Thursday, February 26, 2009

Just take the salad and be done with it

So I seem to have found myself back in the old country once again, this time to do some wedding planning, since this is where Super Hot Irish Girlfriend and I will be betrothed, for a number of complicated and/or boring reasons. Anyway, these plans including attending a bridal fair on Saturday, which promises to be either a hoot or a descent into a nightmare that I cannot begin to fathom.

We got here last night in the company of The Sister and proceeded to dinner at a restaurant where we were served by an oddly intrusive waiter hell-bent on making the ordering process as complicated as possible. Seriously, it took like 10 minutes to order dinner, like so:

Dad: "I'll have the salmon."

Overly Intrusive Waiter: "What kind of salad? House salad or caesar?"

Dad: "No salad, thanks."

OIW: "Hmmm, OK, why don't I get you the salmon club then, since you're not having salad? It's cheaper."
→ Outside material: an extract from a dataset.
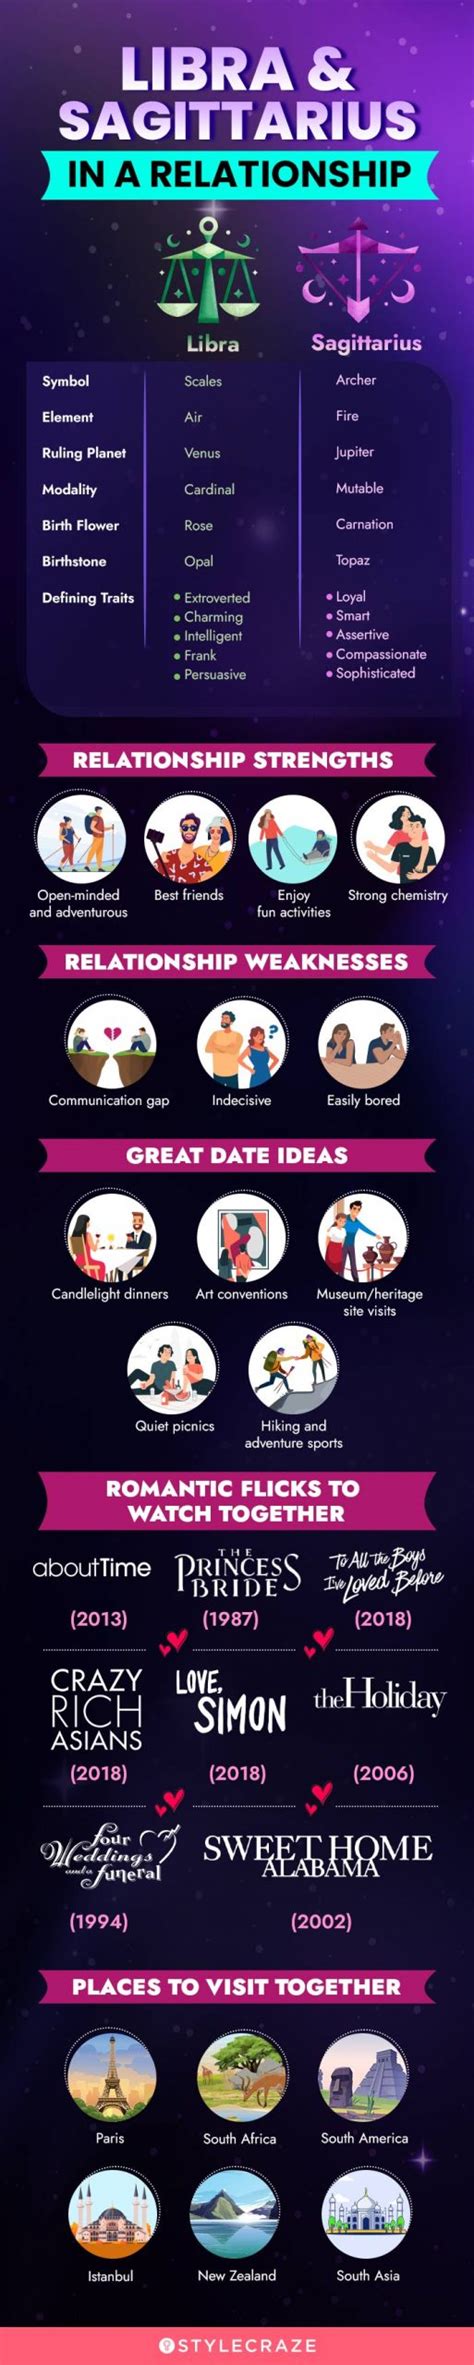 libra and sagittarius compatibility in sex and friendship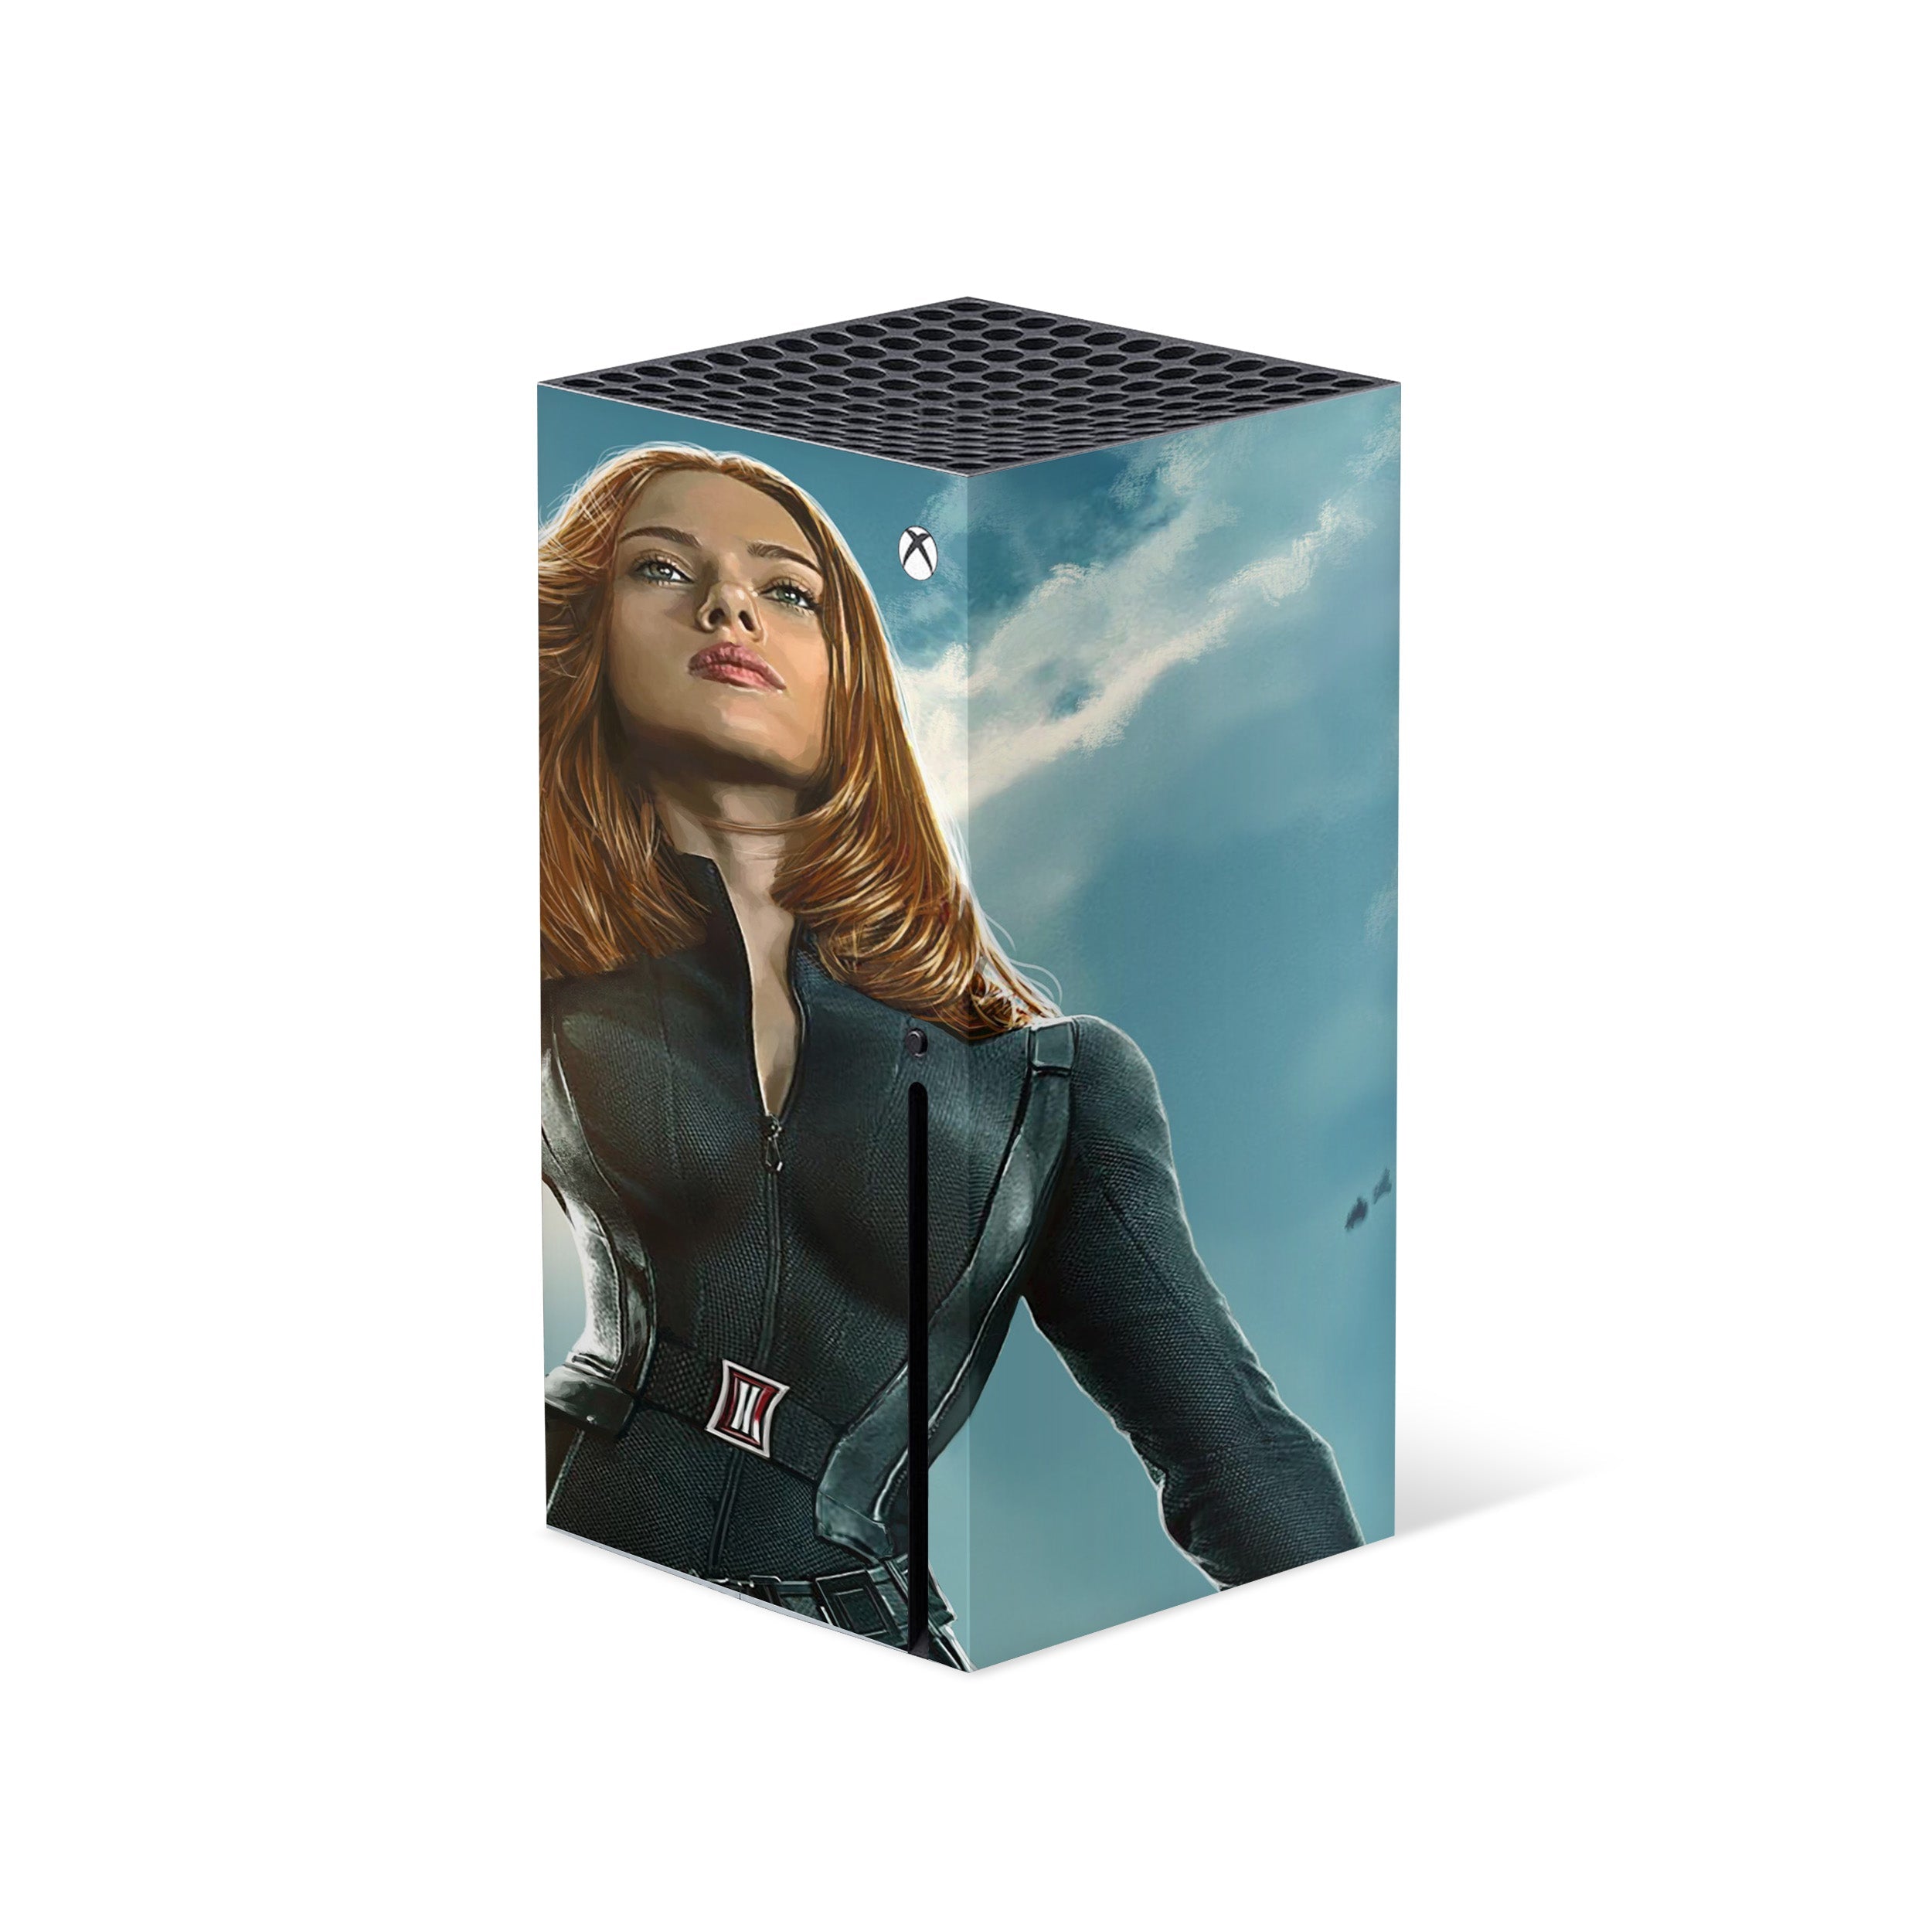 A video game skin featuring a Marvel Black Widow design for the Xbox Series X.

Dad: "OK. That's fine then."

Me: "Dad, that's a sandwich."

Dad: "I don't want a sandwich."

OIW: "I'm just trying to help out because it's cheaper."

Dad: "I don't want a sandwich."

OIW: "But you're not having a salad!"

Dad: "Can I just get the dinner without the salad?"

OIW: "OK. Whatever you say."

And so on. Now repeat that for 5 different people and you can see why this was so excruciating.

ANYWAY, off to the wine store now to see what kind of group discount we can negotiate. We'd be able to work out a big discount with an unnamed online wine merchant, since The Sister knows someone who works there, but Tennessee is one of those states with byzantine alcohol laws that include a complete ban on the retail shipping of wine into the state. And you can't buy beer on Sunday, I think. Or maybe Sunday before noon. Or something like that.

Monday, February 23, 2009

And then things got weird

I played the weirdest show of my life last night. I'm not going to say where, but it's a place with a fairly normal divey, maybe kinda arty bar upstairs, and a performance area downstairs. The downstairs has that garage/basement feel because, I guess, it's a basement.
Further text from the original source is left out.